March 05, 2007

Childhood-Onset Schizophrenia is Challenging to Both Diagnose and to Treat

Childhood-onset schizophrenia (COS), like autism, is considered to be a developmental disorder involving the brain. It is characterized by onset of psychosis before the age of 13, typically preceded by co-occuring (comorbid) symptoms which overlap with those of autism spectrum disorders, affective disorders, behavior and attentional disorders, and often involves learning disabilities especially in the areas of speech and language. 99% of children with COS or childhood-onset schizoaffective disorder have comorbid diagnoses.

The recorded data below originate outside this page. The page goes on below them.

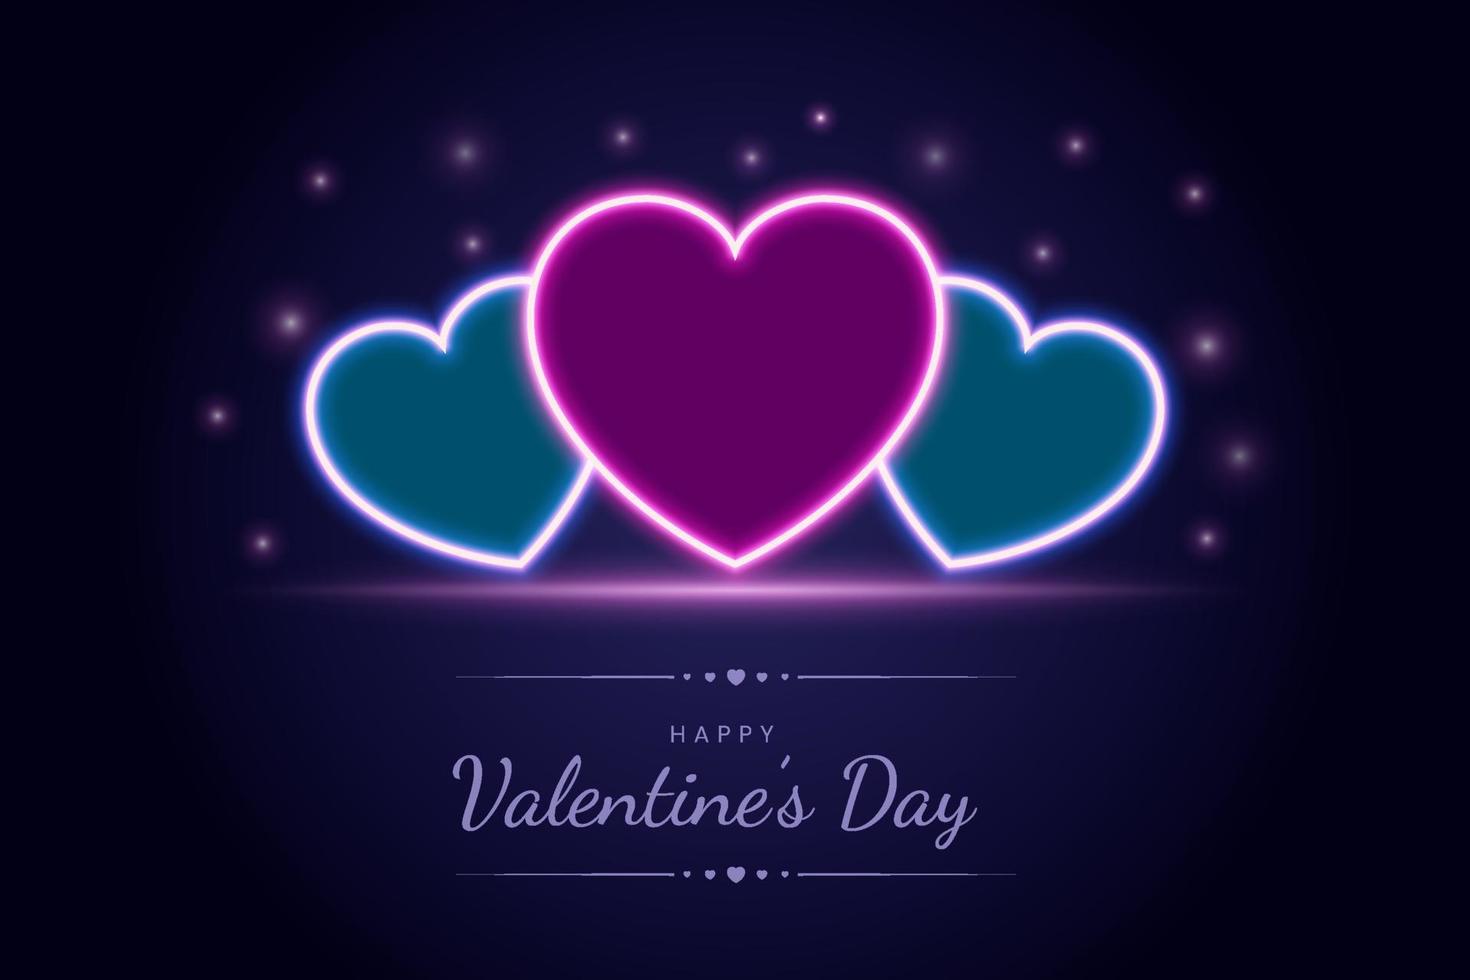 Valentines day background with neon love heart lamp. Valentine concept design. Light heart for holiday cards, banners, invitations. Vector art illustration.
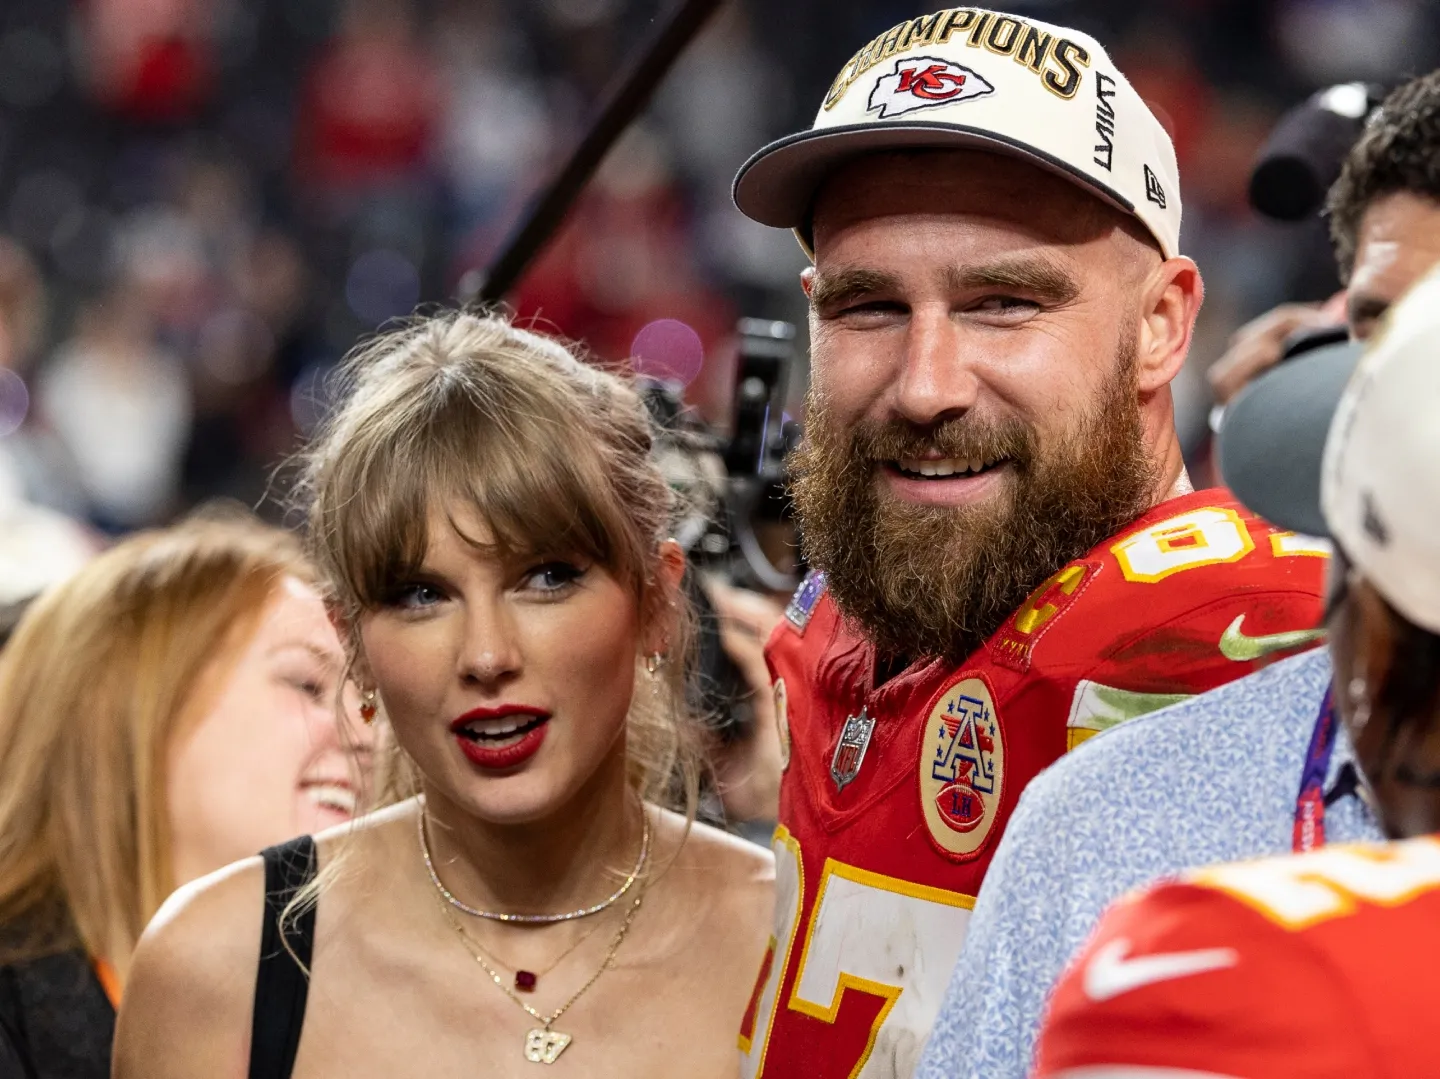 Taylor Swift struggles to cope with distance from Travis Kelce, insiders reveal: Swift is trying to prioritize time with Kelce
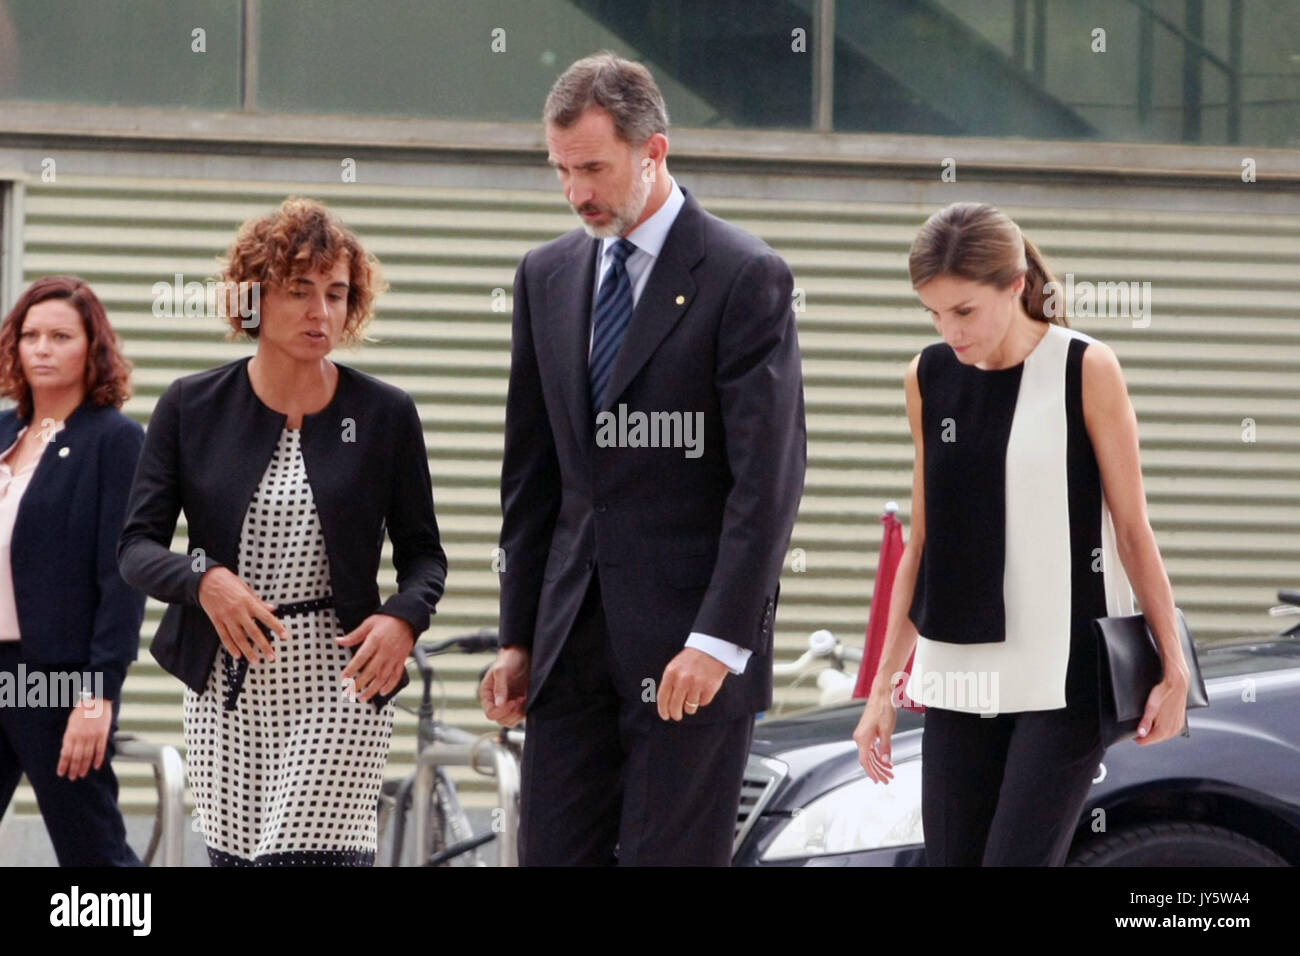 Barcelona, Spain. 19th Aug, 2017. Spanish Kings Felipe VI and Letizia Ortiz visit the staff medical in emergencies the second day after a car terrorist attack in Las Ramblas in Barcelona on Saturday on 19 August 2017. Credit: Gtres Información más Comuniación on line,S.L./Alamy Live News Stock Photo

According to an article in the Psychiatric Times which discusses the challenges of diagnosing and treating childhood-onset schizophrenia, COS occurs in less than 1 in 10,000 children, and just 1% of patients with schizophrenia recieve the diagnosis of COS. It is 50 times more rare than adolescent-onset schizophrenia.

One aspect of COS which makes the early phases difficult to spot and diagnose is its insidious (slow) onset and the fact these children often have a multitude of other minor neurological abnormalities that are not specific to any one particular disorder.

The current criteria in the Diagnostic and Statistical Manual of Mental Disorders DSM-IV-TR for the diagnosis of COS is the same as for the diagnosis in adults with the exception of wording about academics and other childhood-related tasks.

The article discusses distinguishing between delusions and simple "exaggerated magic beliefs" and between true psychotic symptoms versus symptoms of post-traumatic stress disorder (PTSD), severe anxiety, or thinking and perceptions associated with pervasive developmental disorders (PDD).

Both pharmacological (medication) and psychosocial treatments are discussed. Some psychosocial interventions that have been suggested as helpful for adults, such as family psychoeducation and cognitive behavior therapy have not been studied for children, but it is believed that they may be helpful in these cases as well. Other psychosocial therapies for children that may be needed revolve around their developmental needs, such as in the areas of social skills, vocational skills, and developing strategies for coping with symptoms.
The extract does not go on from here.